0

I'm getting CannotPullContainerError trying to launch an ECS Fargate task through an AWS Step Function. The docs here say to add a NAT gateway to the subnet. I've done that and still get this error.

I'm using a private subnet, public IP disabled, and have a NAT gateway defined. I have a route table defined to map 0.0.0.0/0 to the NAT Gateway and this route table is associated with the subnet. Associated security group and network ACL allow all outbound traffic. The VPC has DNS resolution enabled.

I've reviewed these related questions:

AWS Fargate - CannotPullContainerError (500)?
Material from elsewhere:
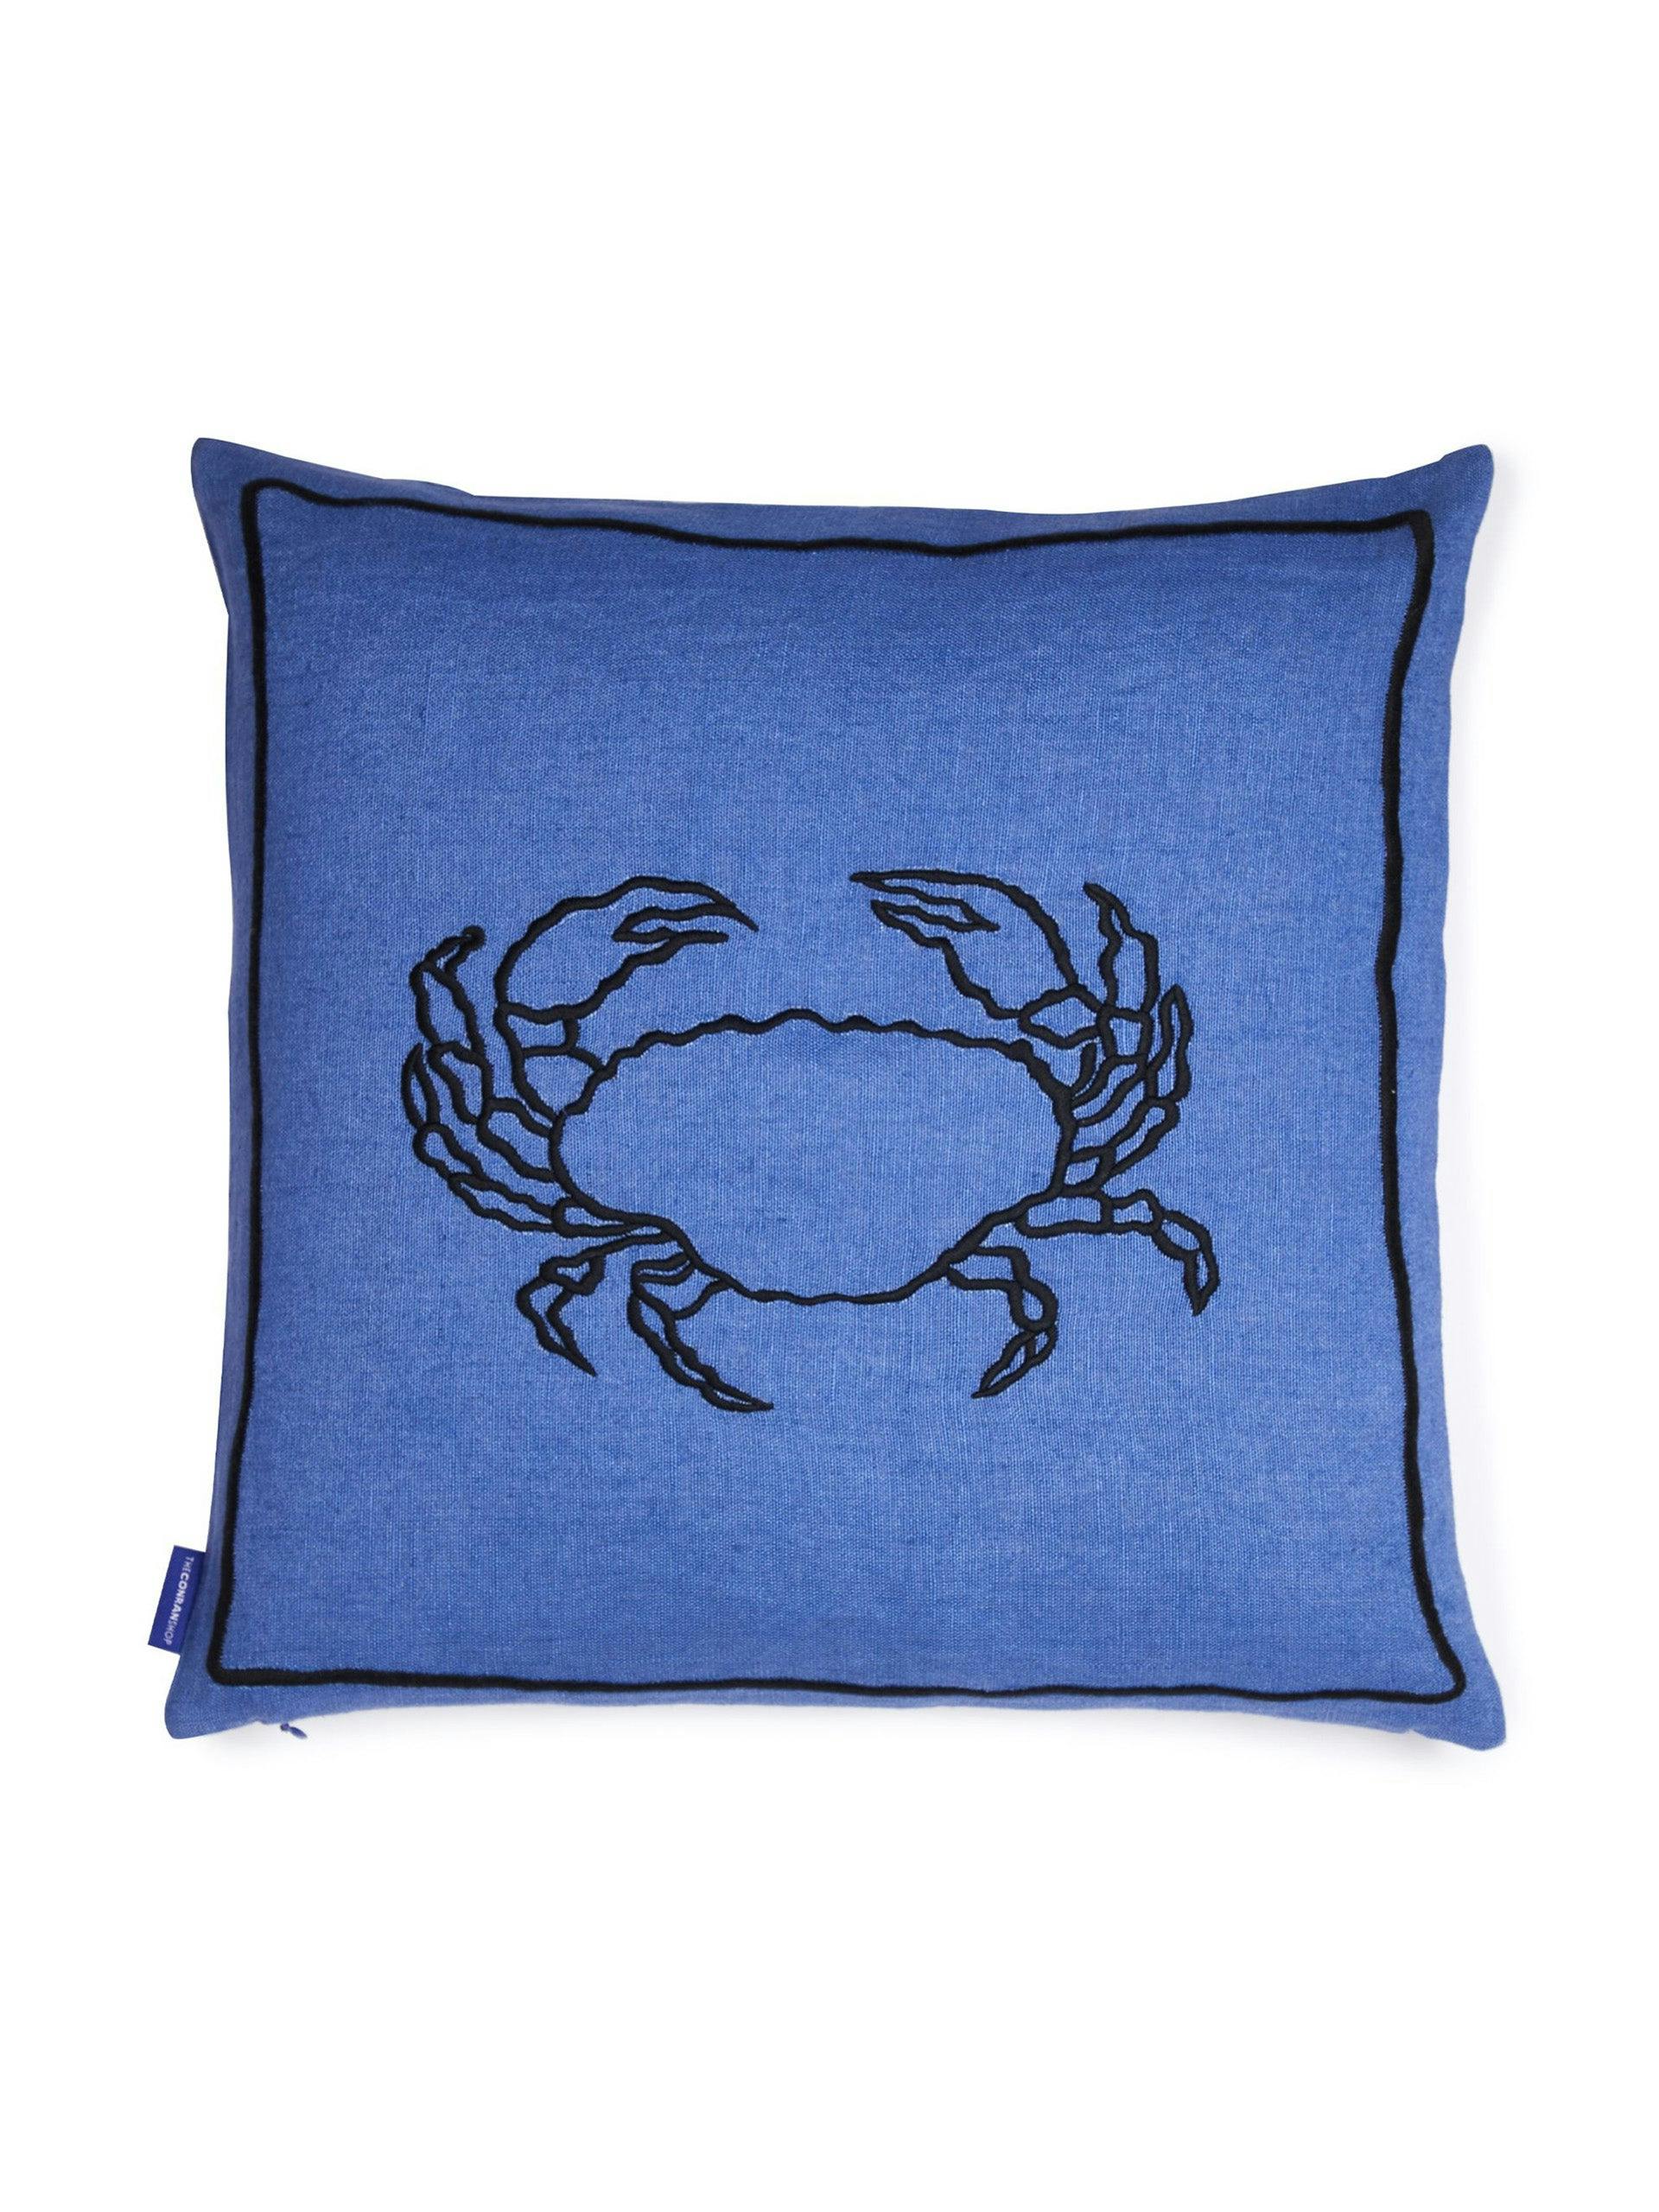 Blue crab cushion cover

Fargate error: cannot pull container hosted in ECR from a private subnet

Fargate Task with Nat Gateway fails to connect with RDS database

Executing Step Function "Tasks" using ECS Fargate

Is there something else I'm missing? I've seen lots of questions here but have already addressed the things mention (usually NAT gateway and route table).

Error:

CannotPullContainerError: Error response from daemon: 
Get https://123456789012.dkr.ecr.us-west-2.amazonaws.com/v2/:
net/http: request canceled while waiting for connection
(Client.Timeout exceeded while awaiting headers)"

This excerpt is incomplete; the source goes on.